Exercise objective: Begin at the line below that has "Did you know". Stop after the line that has "ENDS and MEANS PACKABLE BACK PACK - バッグ", repeating each line exactly and leaving out the pictures.

Data extracts:

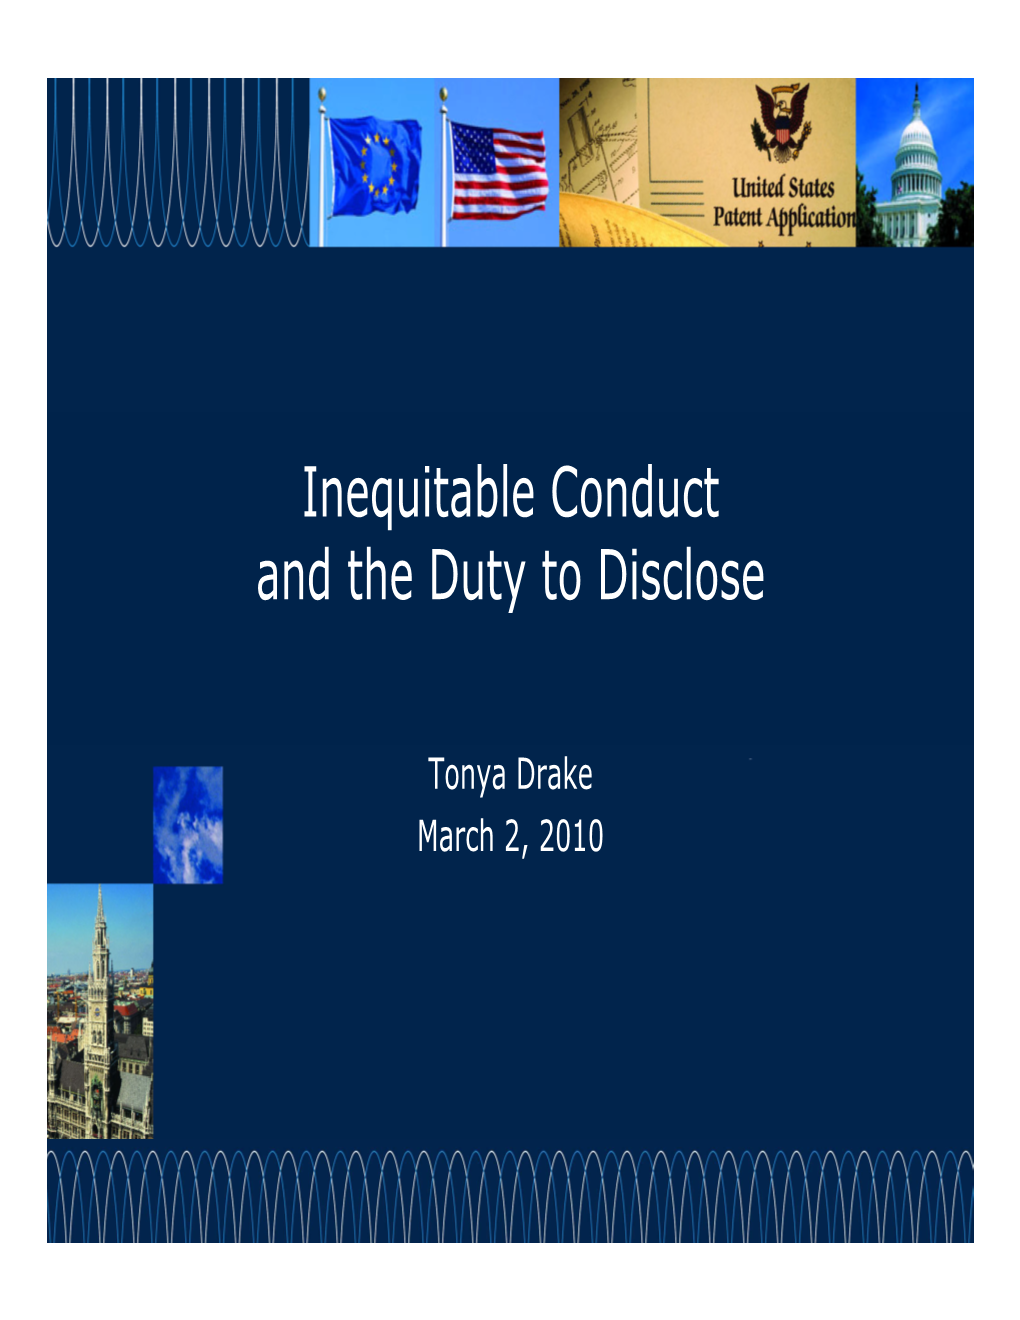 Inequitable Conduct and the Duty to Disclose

--

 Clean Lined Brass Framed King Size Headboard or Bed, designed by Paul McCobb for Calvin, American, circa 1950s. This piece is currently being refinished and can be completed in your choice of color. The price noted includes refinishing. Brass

==

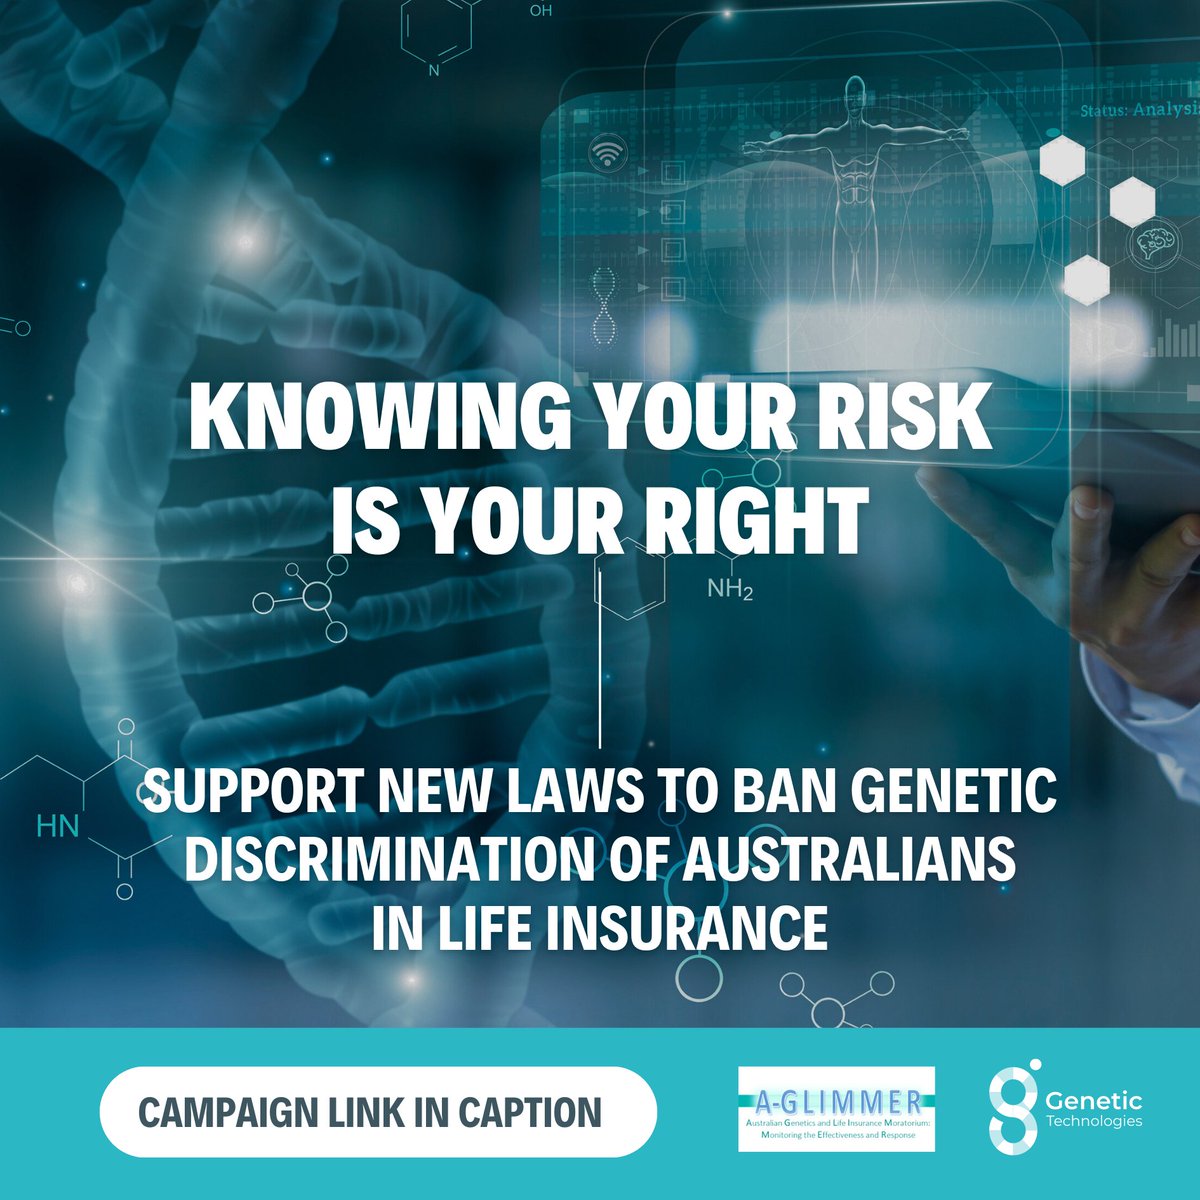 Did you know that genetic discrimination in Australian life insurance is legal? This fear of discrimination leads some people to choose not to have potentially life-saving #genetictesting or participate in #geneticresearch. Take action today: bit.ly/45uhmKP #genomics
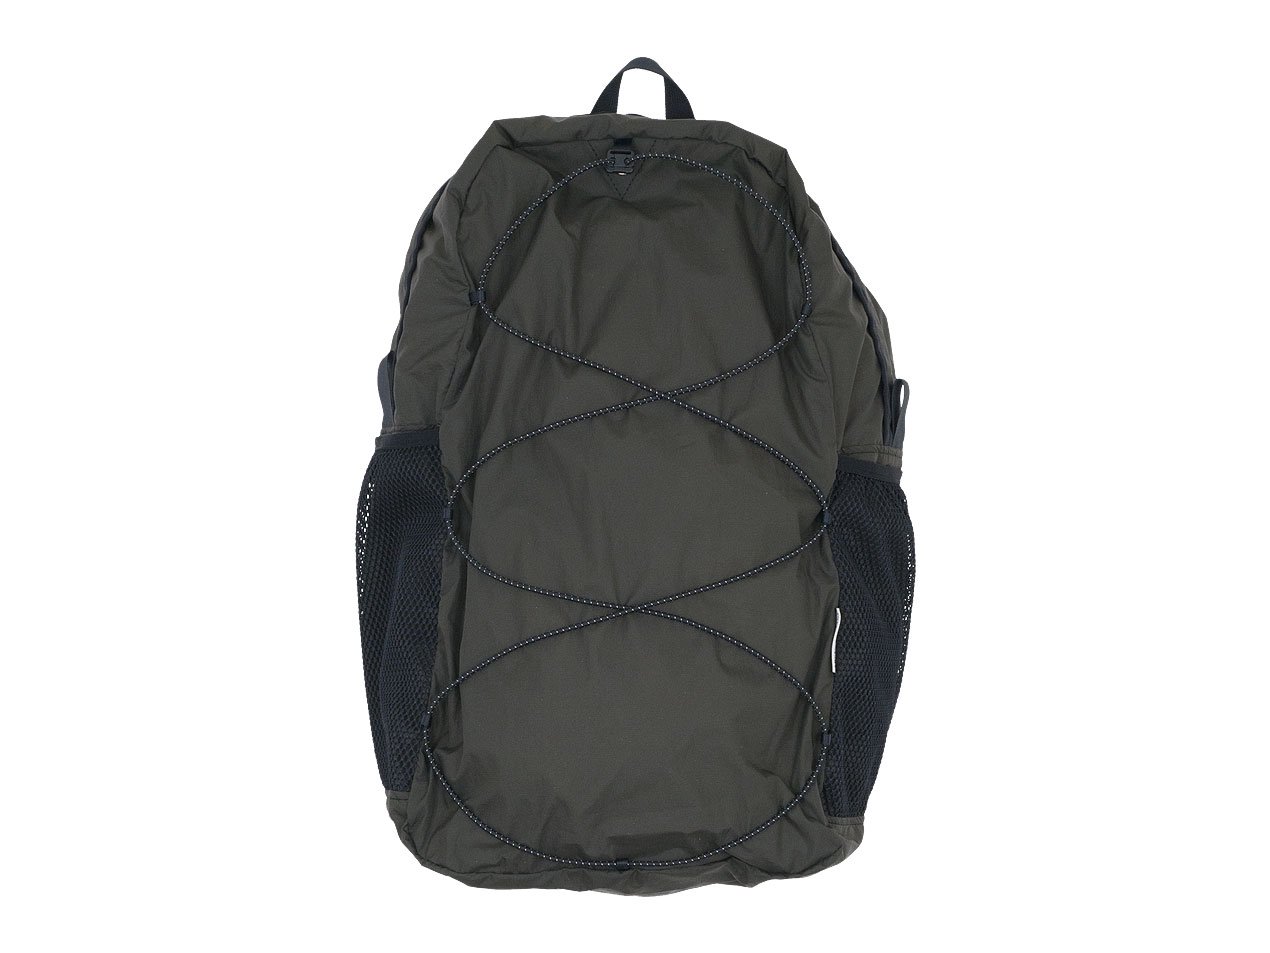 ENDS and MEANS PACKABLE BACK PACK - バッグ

Task output:
 Did you know that genetic discrimination in Australian life insurance is legal? This fear of discrimination leads some people to choose not to have potentially life-saving #genetictesting or participate in #geneticresearch. Take action today: bit.ly/45uhmKP #genomics
 ENDS and MEANS PACKABLE BACK PACK - バッグ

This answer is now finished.